Note: CN = cognitively normal; MCI = mild cognitive impairment; AD = Alzheimer’s disease.

*p < .05, **p < .01, ***p < .001.

Figure 1.

Figure 1.

Typical core network structure and composition by clinical diagnosis. Note: CN = cognitively normal; MCI = mild cognitive impairment; AD = Alzheimer’s disease. For CN, MCI, and AD, network size and proportion of non-kin decrease, whereas the proportion of alters close to other alters increases, respectively, with additional pathology. This figure is a visual representation of network ideal types by a diagnosis that shows trends in the data and is informed by mean and modal scores.
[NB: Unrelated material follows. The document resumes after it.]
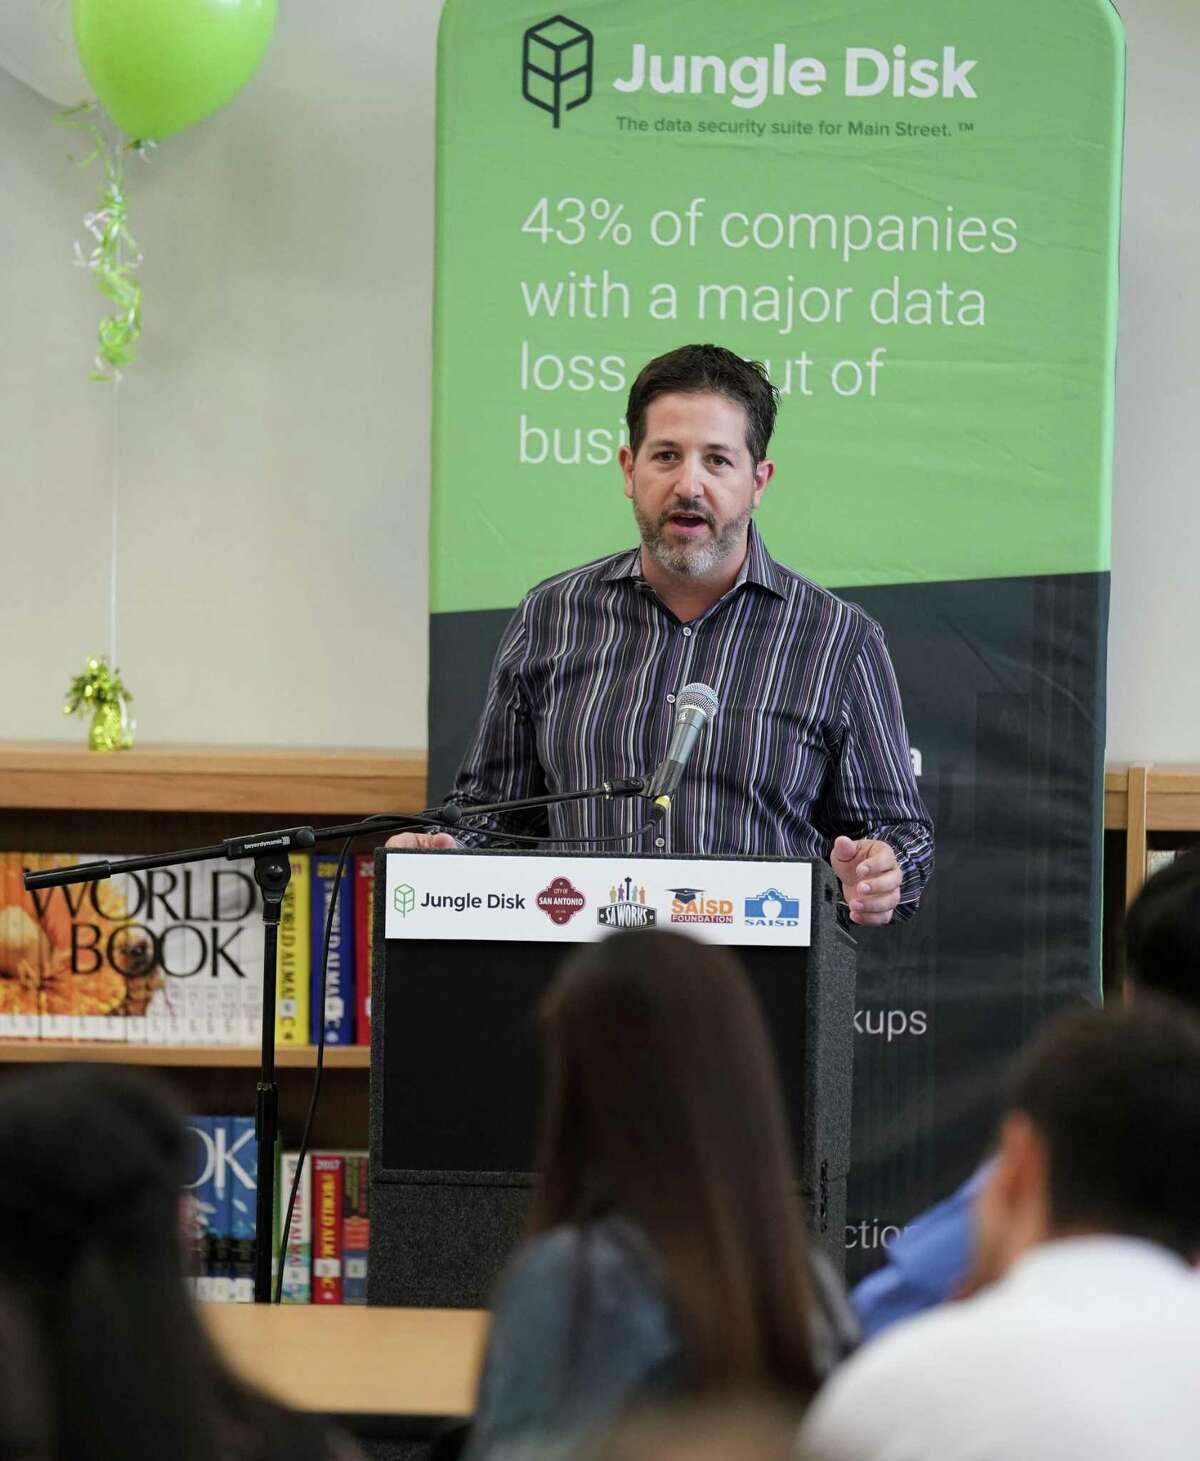 San Antonio has been creating more cybersecurity jobs. Jungle Disk CEO Bret Piatt speaks to interns in the field.

Multivariate Regression Models

Table 2 presents results from linear regressions predicting three standardized cognitive function outcomes (i.e., global cognitive function, episodic memory, and executive function), controlling for gender, age, race, education, depressive symptoms, self-rated health, and functional limitations. With respect to variables operationalizing social bridging, we found support for all indicators in the expected direction. Specifically, larger network size and lower network density and minimum tie strength were associated with better global cognitive function, episodic memory, and executive function (p < .05). The proportion of non-kin in the network was positively associated with episodic memory (p = .002), but not significantly related to global cognitive function nor executive function.

Table 2.

Regression of Cognitive Function on Network Characteristics

Independent variables Global cognitive function (N = 310) Episodic memory (N = 311) Executive function (N = 292)
β (SE) β (SE) β (SE)
Social bridging
 Network size 0.20** (0.07) 0.30*** (0.07) 0.15* (0.07)
 Network density −0.21** (0.07) −0.21* (0.08) −0.19* (0.08)
 Minimum tie strength −0.28*** (0.06) −0.31*** (0.07) −0.17* (0.08)
 Proportion of non-kin 0.10 (0.08) 0.17* (0.08) 0.06 (0.08)
Social bonding
 Number of close ties 0.07 (0.06) 0.18* (0.07) 0.06 (0.07)
 Support multiplexity −0.12 (0.09) −0.23** (0.07) −0.15 (0.10)
 Mean frequency contact −0.03 (0.10) −0.16 (0.09) −0.01 (0.09)
 Quality of social relationships 0.09 (0.07) 0.03 (0.09) 0.28** (0.10)
 Married 0.08 (0.18) 0.09 (0.20) 0.07 (0.18)

Notes: The table presents fully standardized coefficients with standard errors in parentheses. All predictors were modeled separately, controlling for gender, age, race, education, and depressive symptoms, self-rated health, and functional limitations.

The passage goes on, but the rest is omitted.